═════ Source material
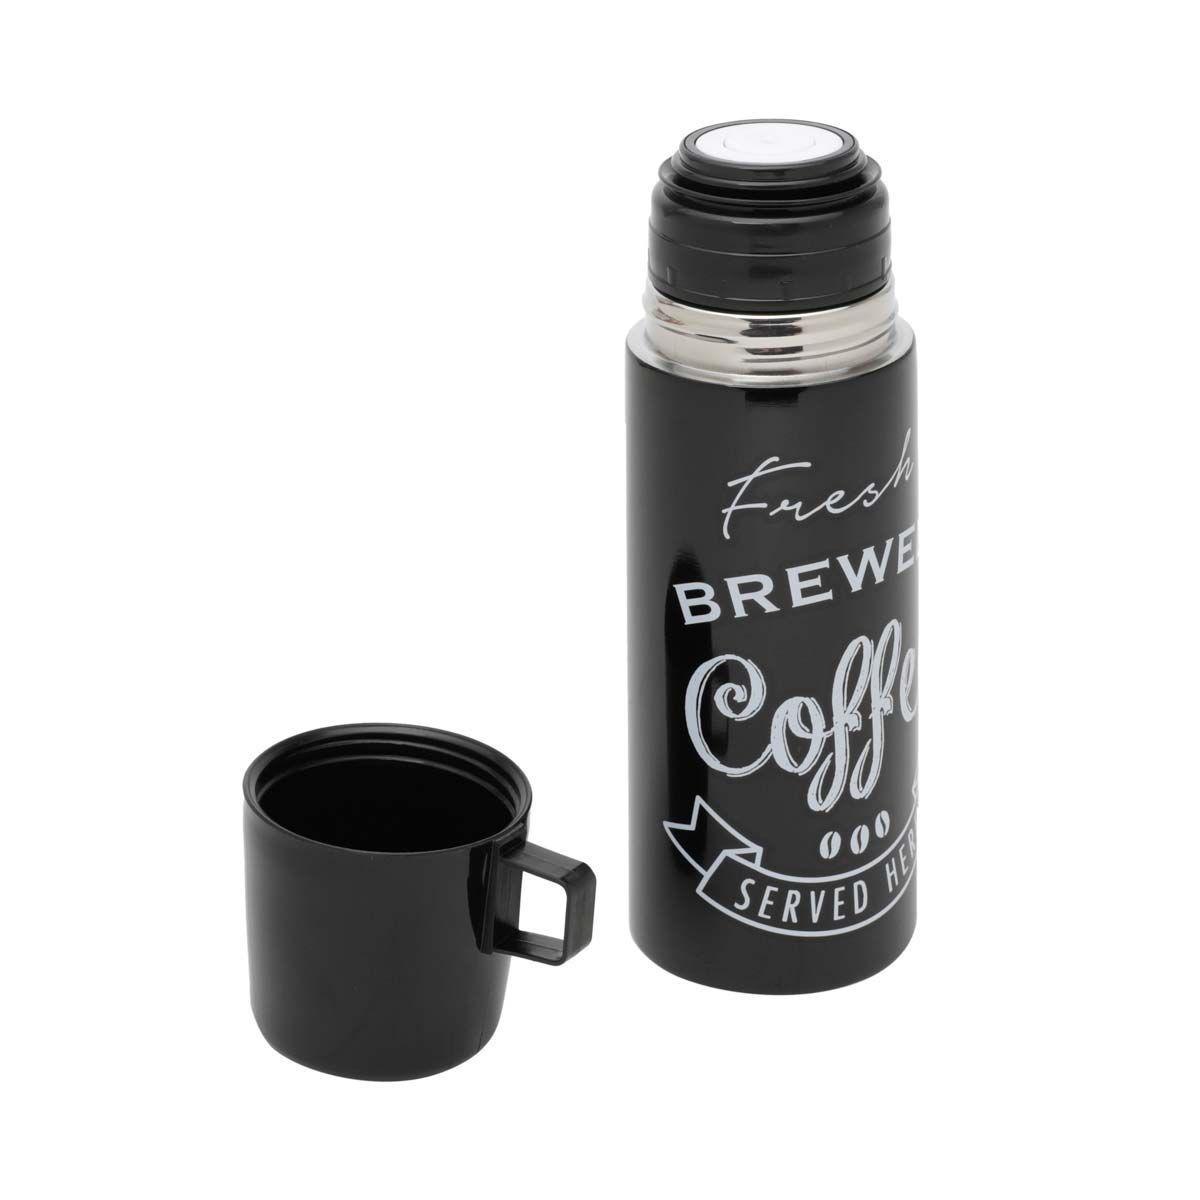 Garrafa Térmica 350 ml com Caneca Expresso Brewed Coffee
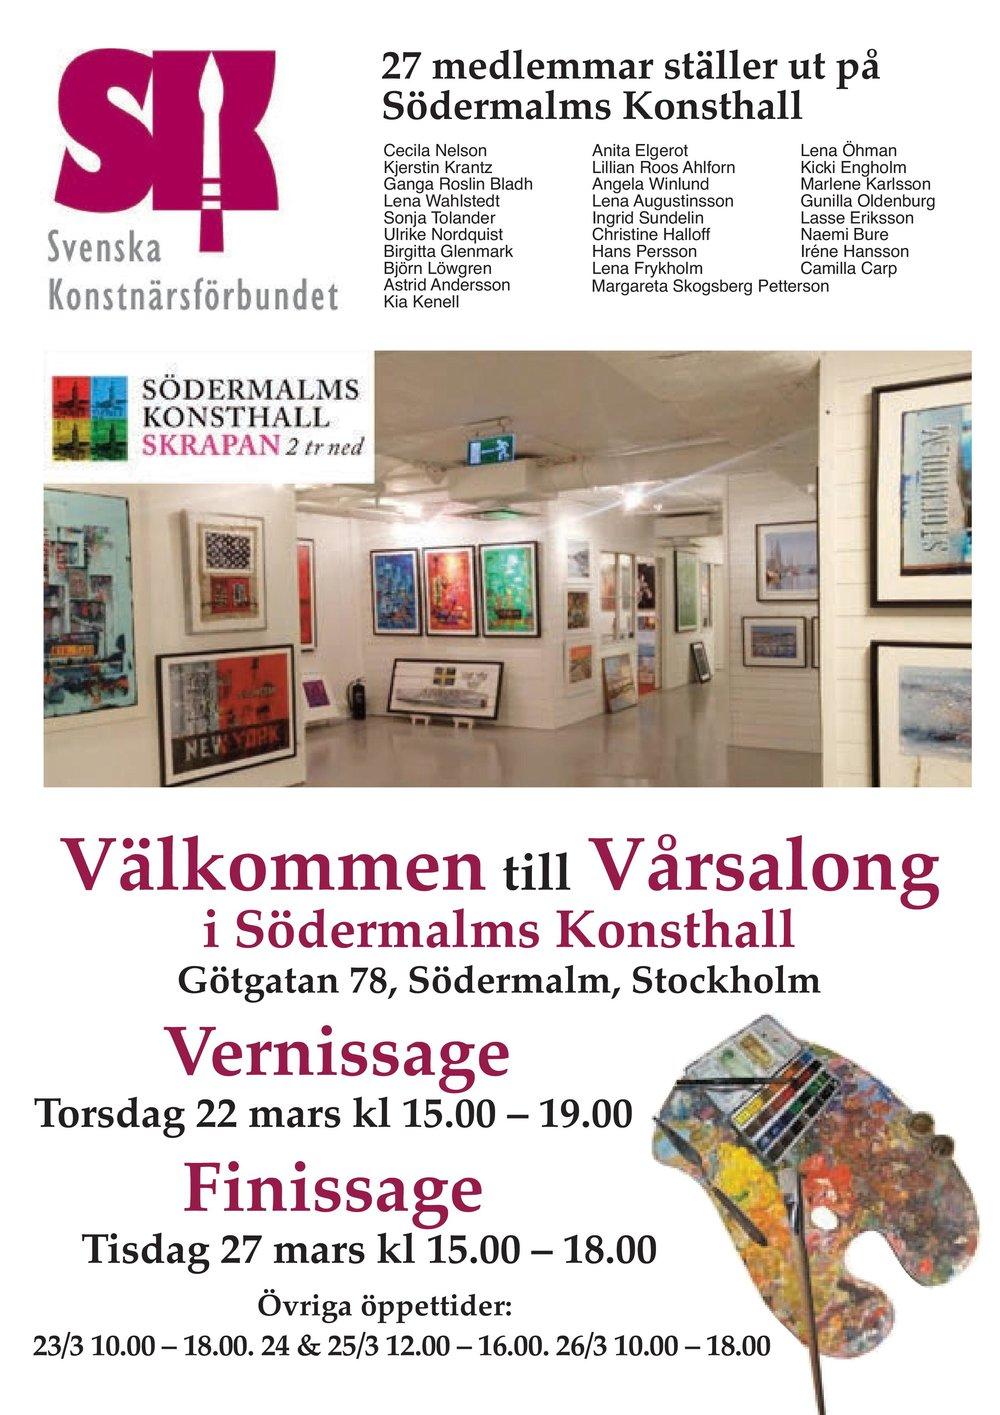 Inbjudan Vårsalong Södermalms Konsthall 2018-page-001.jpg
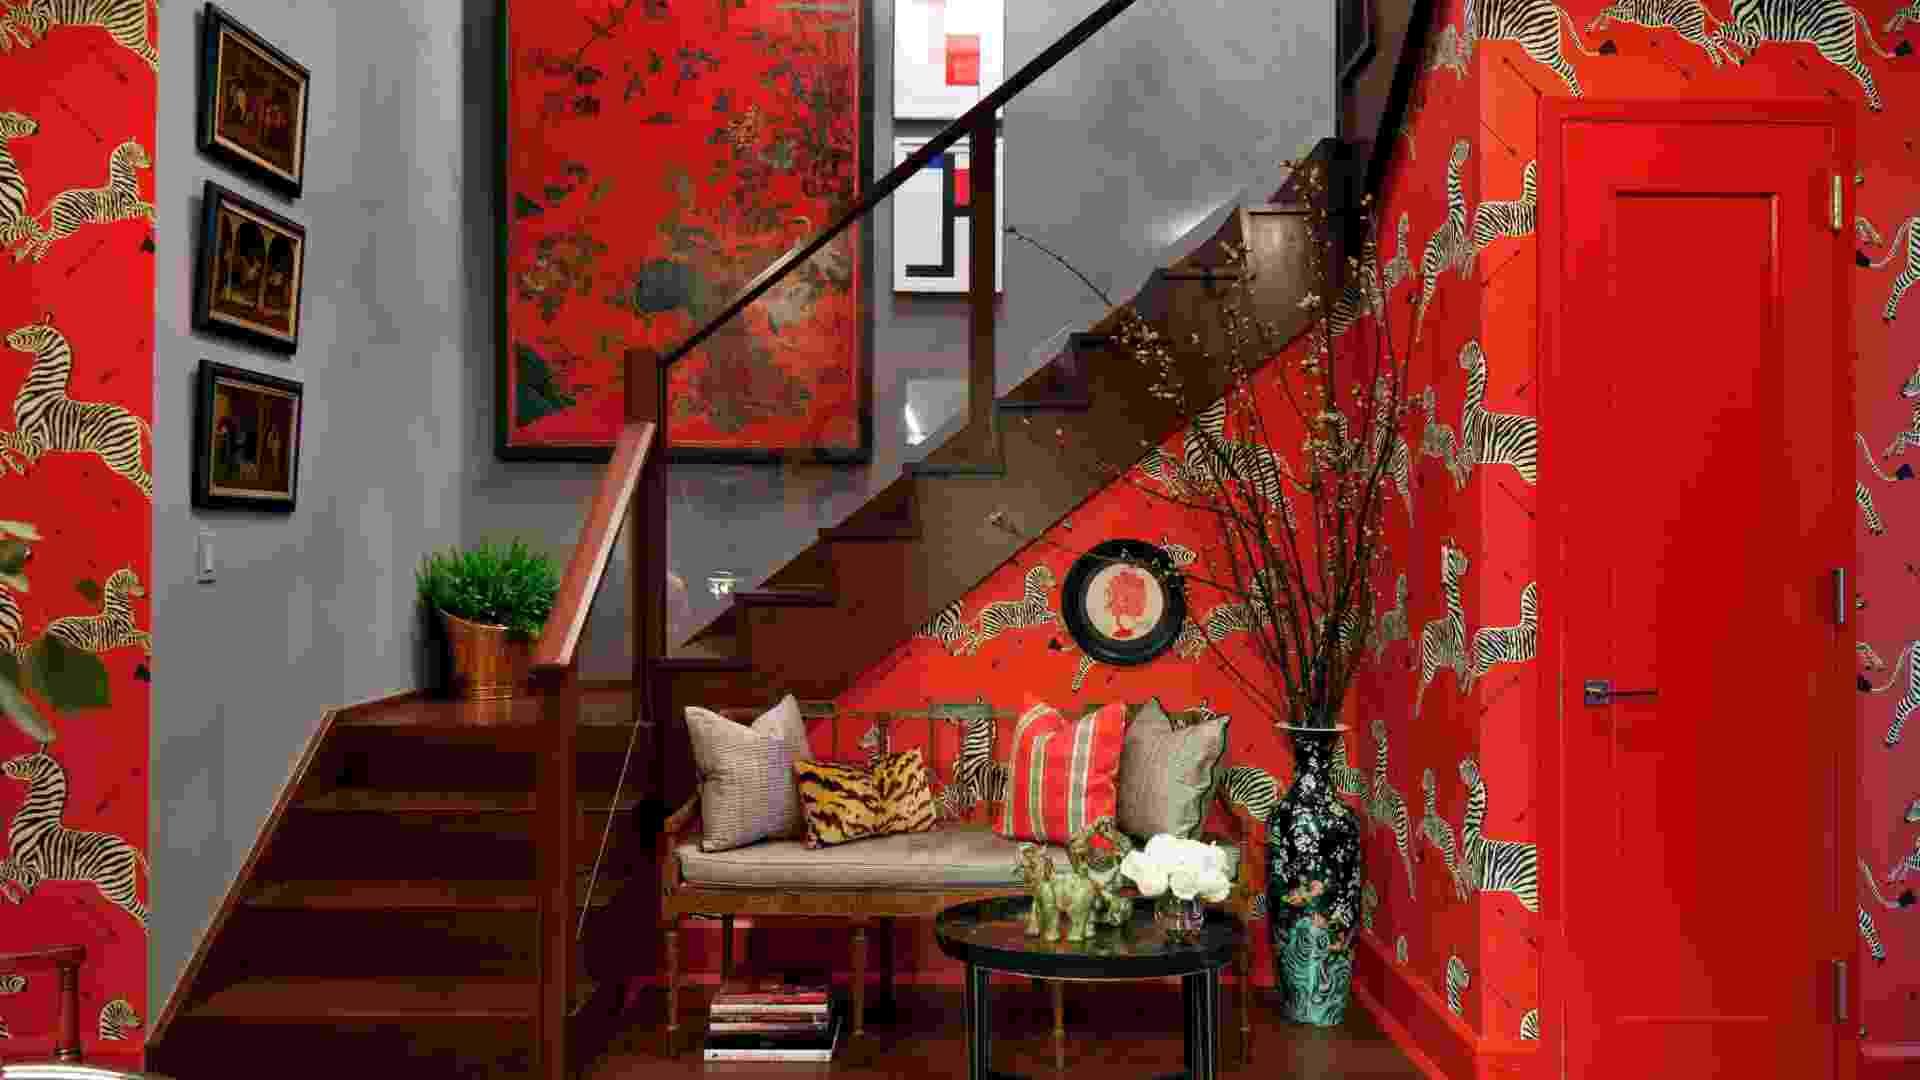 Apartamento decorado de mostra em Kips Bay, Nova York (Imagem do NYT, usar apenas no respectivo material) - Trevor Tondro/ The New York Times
══════════
§ Task to complete
Each line of the material above should be set down exactly, with no pictures.

§ Solution for this problem
 Garrafa Térmica 350 ml com Caneca Expresso Brewed Coffee
 Inbjudan Vårsalong Södermalms Konsthall 2018-page-001.jpg
 Apartamento decorado de mostra em Kips Bay, Nova York (Imagem do NYT, usar apenas no respectivo material) - Trevor Tondro/ The New York Times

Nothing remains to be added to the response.